すでに書いたように、来春から海城学園が、高校入試を廃止し、中学から帰国生を30人募集することを決めた

☆この戦術の背景にある戦略は何か?内部的にはすでに帰国生を迎える準備が終わったから、いよいよそれを実行に移そうという、発想の現実化が企図されているだろう。

☆外部的には、2012年に各国の首脳の選挙などの世界の変化を見据えているということだと思う。つまり、ガラパゴス日本だとか内向き日本だとか言われているが、言われているということは、そこを乗り越える問題解決を政財界は準備しているということを示唆している。

☆東大というのは、その出自から矛盾をはらんでいる。つまり官僚的組織を強化する動きと脱官僚組織を促進する動き。そういう意味では、日本の経済政治や文化芸術までカバーしてきた文化装置である。

☆このポジショニングパワーが変わらない以上、東大がどのような動きをしているのかをウォッチしておくことは最先端の動きをフォーサイト(フォーキャストではなく^^)できる。

☆東大は、基本路線は知の構造化と自律分散協調系というベクトルで進んでいる。科学コミュニケーションや美学、i.schoolの動きなどがそうである。

☆欧米やBRICsのエスタブリッシュな中等教育のプログラムを、大学でまず取り入れようということだろう。このプログラムはすでにAPUでは当たり前だが、まだそのことに日本は気づいていない。ともかく、東大から上意下達方式で、他の大学も変わっていくだろうから、この手のプログラムが主流になっていくことは想定できる。

☆実は帰国生や留学生を受け入れるには、かつてのように日本流儀に合わせろ!などというパワハラではなく、世界標準にし、議論し合いながら互いの問題意識をマッチングするシステムを持っていなければならない。

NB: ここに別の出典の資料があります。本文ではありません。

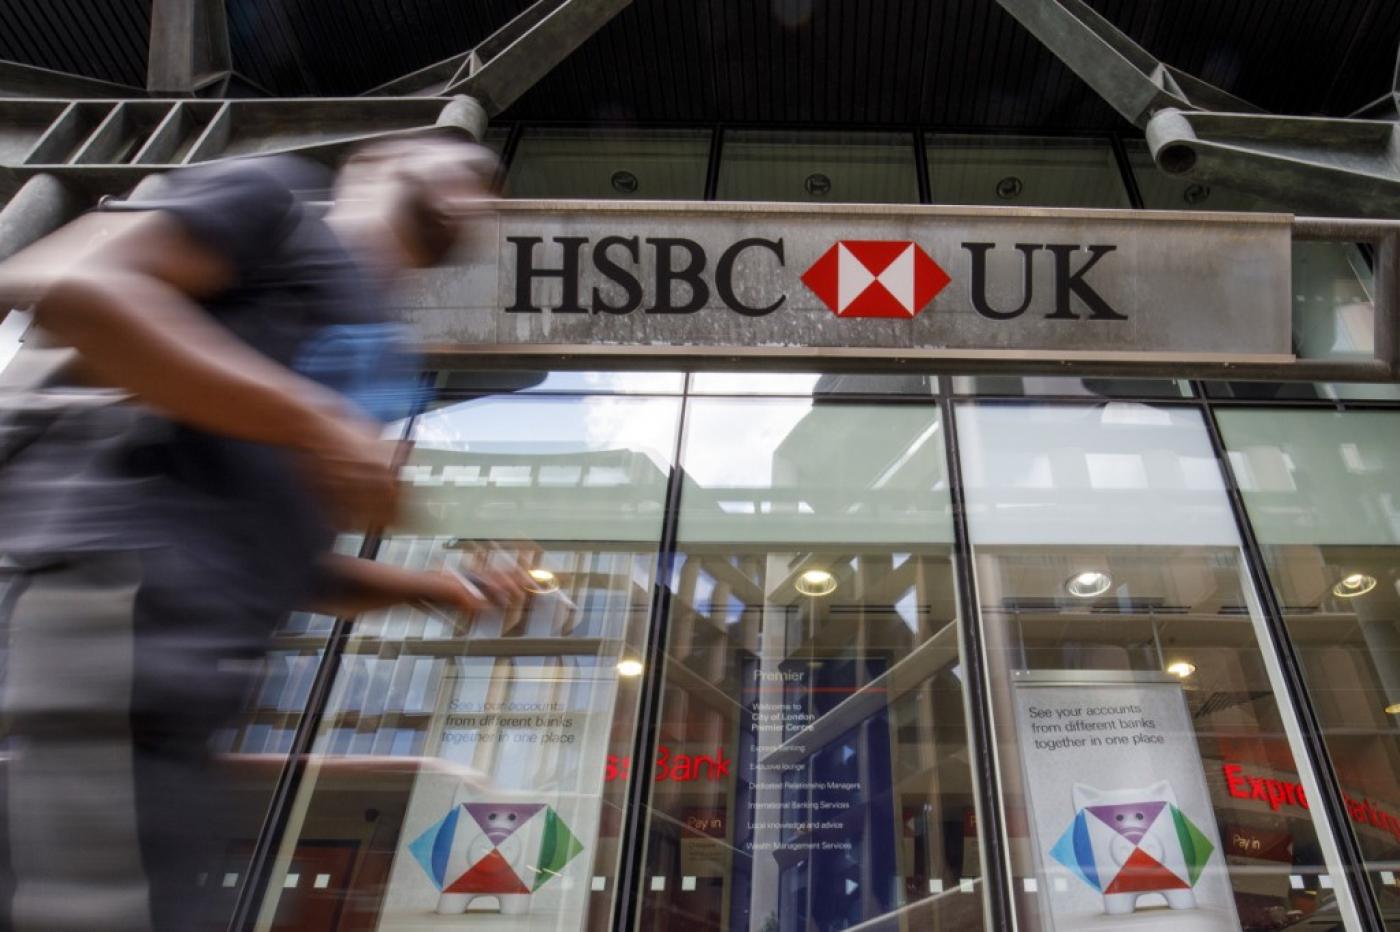 Exclusive: HSBC to Block Donations to Palestinian Aid Charity Interpal

☆APUは始めから在学生の50%が留学生だから、このシステムが当たり前なのだ。だいたい改革は中心からではなく周辺から起こるものだから、APUの重要性をキャッチできるかどうかは未来のセンスがあるかどうかだ。それはともかく、パワーポジションが変わることを東大はすでに意識している。だから、手を打っている。

☆20世紀型から21世紀型の国造りになるということは、明治以来のパワーポジションが変わるということだろう。

☆ということは、これは大学レベルだけではなく、中等教育レベルも同じことが言える。デザイン思考やプロジェクト・ベースプログラム、美学的(美術ではない)プログラムなどの準備をしているところは、パワーポジションの変化に対応できる。

☆対応できるというよりも、変化を牽引するリーダーシップを発揮することになる。2012年、この変化は加速するだろう。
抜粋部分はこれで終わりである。